I.e., you can read the *content* of one of my documents "as a normal human being" before it is imported. No concern over "Gee, what does '\hrule' mean?"

If you find something that needs to be corrected while proofing the *typeset* rendering of the document, do you correct it

*in* that WYSIWYG? Or, do you have to re-open the "source" document, locate the corresponding portion that contains the text/tag/formatting that you want to alter, tweek that, flush it to disk and then "refresh" the WYSIWYG rendering? *When* you correct it, how do you readily verify that you've corrected it correctly? E.g., in my original document, the footnote: Unqualified, the term ?Bézier?, herein, shall refer to cubic Bézier curves did not contain quotes around the first Bezier reference. They were added while previewing the typeset version ("Crap! I need to quote that!"). And, I had to make sure I wasn't quoting with the "wrong" quotation marks. Just zoom in (TO OVERCOME THE LIMITATIONS OF THE MONITOR) so you can see that you are typing '?' and '?' and NOT '"'. Or, open the *source* document and type "\lq\lq" and "\rq\rq" [I'd rather *see* the effects of what I'm typing *while* I'm typing it -- instead of having to "refresh" the rendering and remembering to double-check that (along with any other changes I may have made)]
*I* can "zoom in" (and out!) too! But, each time you do that, takes time and effort.
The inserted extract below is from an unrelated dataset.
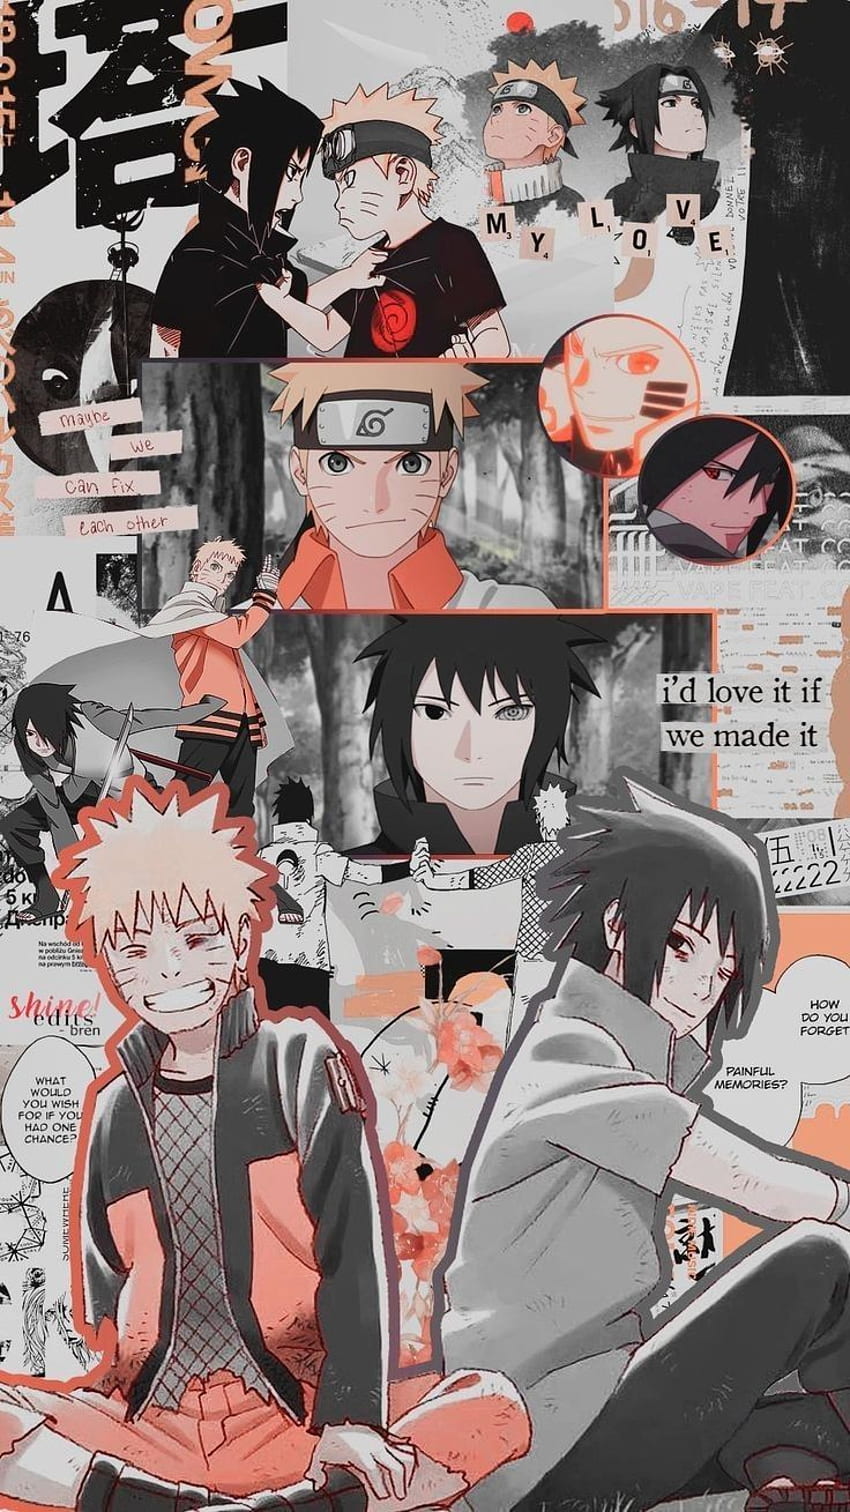 Bạn có yêu thích những nhân vật trong Naruto lẫn Sasuke không? Nếu có, hãy truy cập ngay vào hình nền Naruto Sasuke anime! Hồi tưởng về những khoảnh khắc đáng nhớ giữa Naruto và Sasuke, từ những trận chiến đầy kịch tính đến những lúc đang bên nhau cùng học ở trường ninja. Hãy để những khoảnh khắc đó luôn sống động trong tâm trí bạn với hình nền này.

And, takes time for you to "get your bearings". Should I "zoom out" so I can see how any text I am inserting effects the layout of other objects around it, on the page. Then, zoom in to verify that I have typed what I *think* I was typing?

How do you add callouts to your illustrations? To as great an extent as is possible, I *don't* include text in "images" that I import (hard to do with schematic fragments!)

E.g., all of my Bezier curve examples are created in Mathematica and imported without any text annotating the points, coordinates, axis, etc. Instead, these are pasted on as callouts *after* the image has been imported. This allows me to ensure that the designations for each point appear in the same "font" and representation that they are referenced as in the body text.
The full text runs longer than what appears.